PhysicsLAB: Non-Accelerated and Accelerated Motion

Non-Accelerated Motion

Refer to the following information for the next three questions.

The sketch shows a ball rolling at constant velocity along a level floor. The ball rolls from the first position shown to the second in 1 second. The two positions are 1 meter apart. Discuss with your partner where you would sketch the ball at successive 1-second intervals all the way to the wall (neglect resistance).

Would the successive ball positions be evenly spaced, farther apart, or closer together?

Why?

The ball reaches the wall with a speed of ____ m/s and takes a time of ____ seconds.

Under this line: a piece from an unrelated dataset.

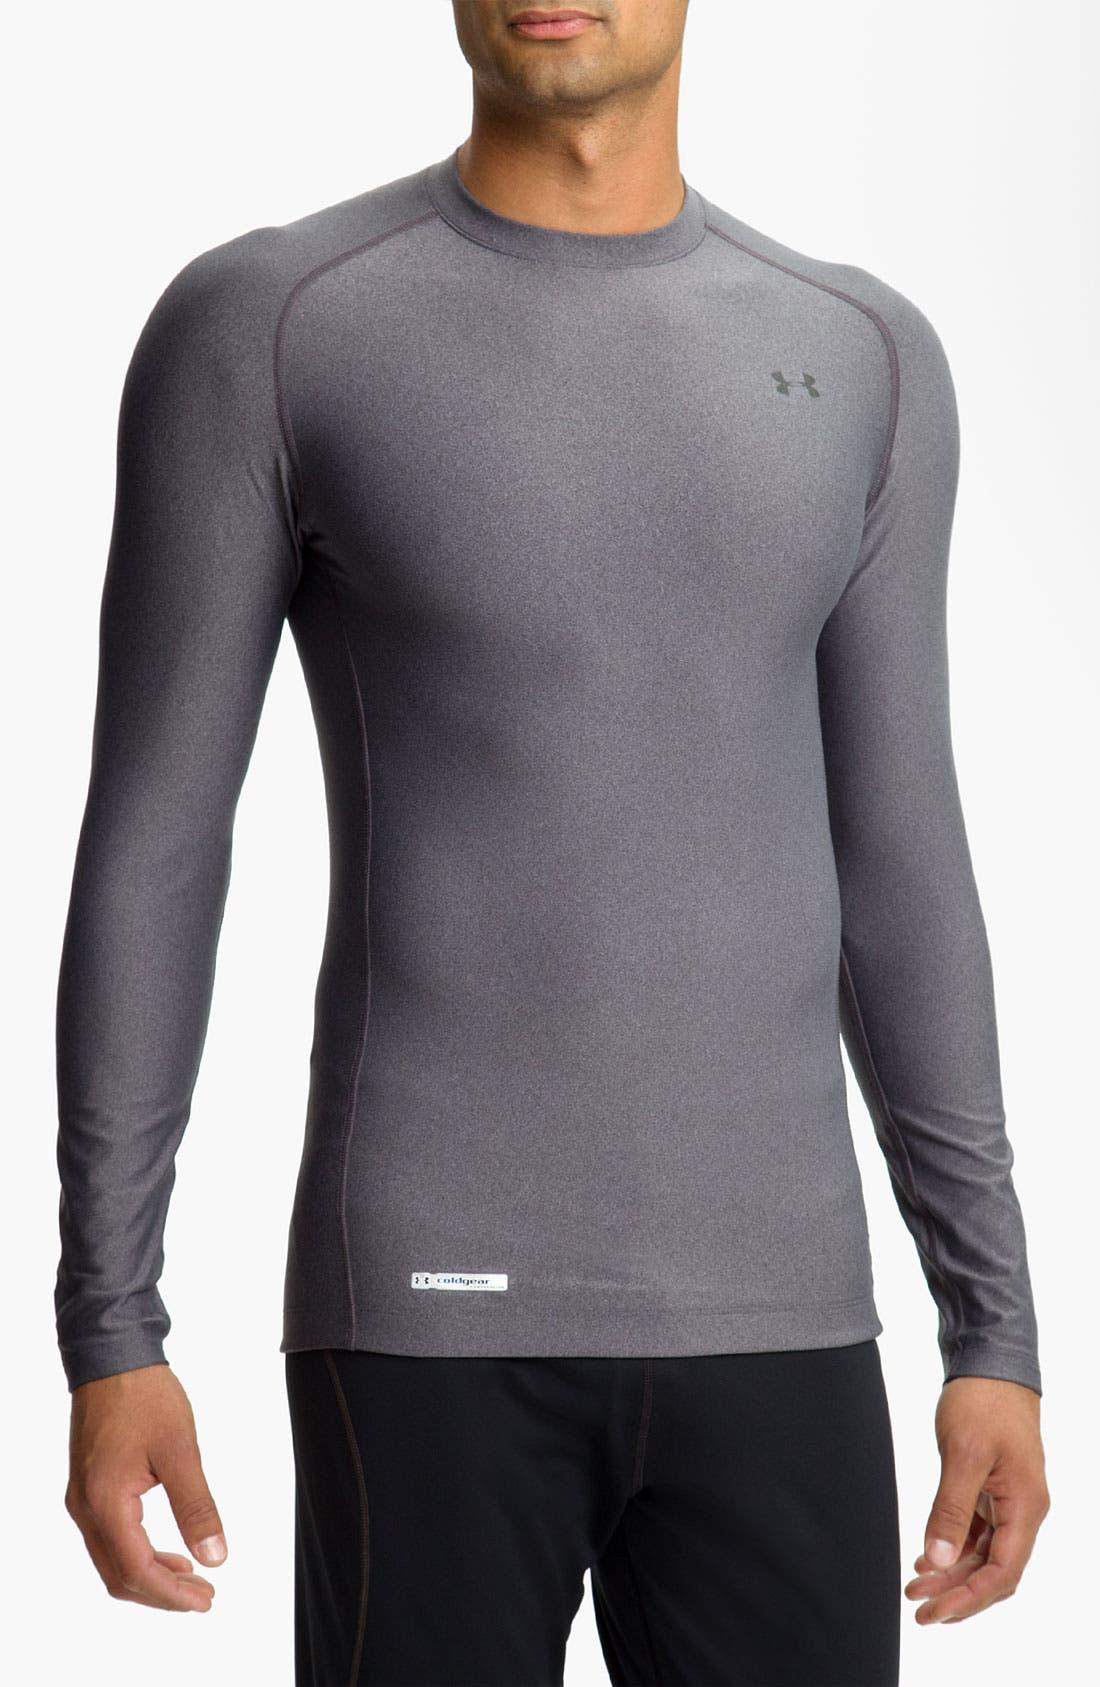 Main Image - Under Armour 'Evo' ColdGear® Compression T-Shirt (Online Exclusive)

The table given below shows data of sprinting speeds of some animals. Make whatever computations are necessary to complete the table.

A =

B =

C =

animal	distance	time	speed
cheetah	75 m	3 sec	25 m/sec
greyhound	160 m	10 sec	C
gazelle	1 km	B	100 km/hr
turtle	A	30 sec	1 cm/sec

Accelerated Motion

Refer to the following information for the next eight questions.

An object, starting from rest, gains a speed v = at when it undergoes uniform acceleration. The distance it covers is d = ½at². Uniform acceleration occurs for a ball rolling down an inclined plane. The plane below is tilted so a ball picks up a speed of 2 m/s each second; then its acceleration a 2 m/s². The positions of the ball are shown for 1-second intervals. Fill in the blanks for total distance traveled, Δdistance traveled each second, and the final speed at the end of each interval.

D =

E =

F =

G =

H =

I =

J =

K =

cumulative time (seconds)	cumulative distance traveled	Δdistance per second	final speed
0	0 meters	---	0 m/sec
1	1 meter	1 meter	2 m/sec
2	4 meters	3 meters	I
3	D	F	6 m/sec
4	E	G	J
5	25 meters	H	K

Do you see that the total distance from the starting point increases as the square of the time? This was discovered by Galileo. If the incline were to continue, predict the ball's distance from the starting point for the next 3 seconds.

Note the increase of distance between ball positions with time. Do you see an odd-integer pattern (also discovered by Galileo) for this increase? If the incline were to continue, predict the successive distances between ball positions for the next 3 seconds.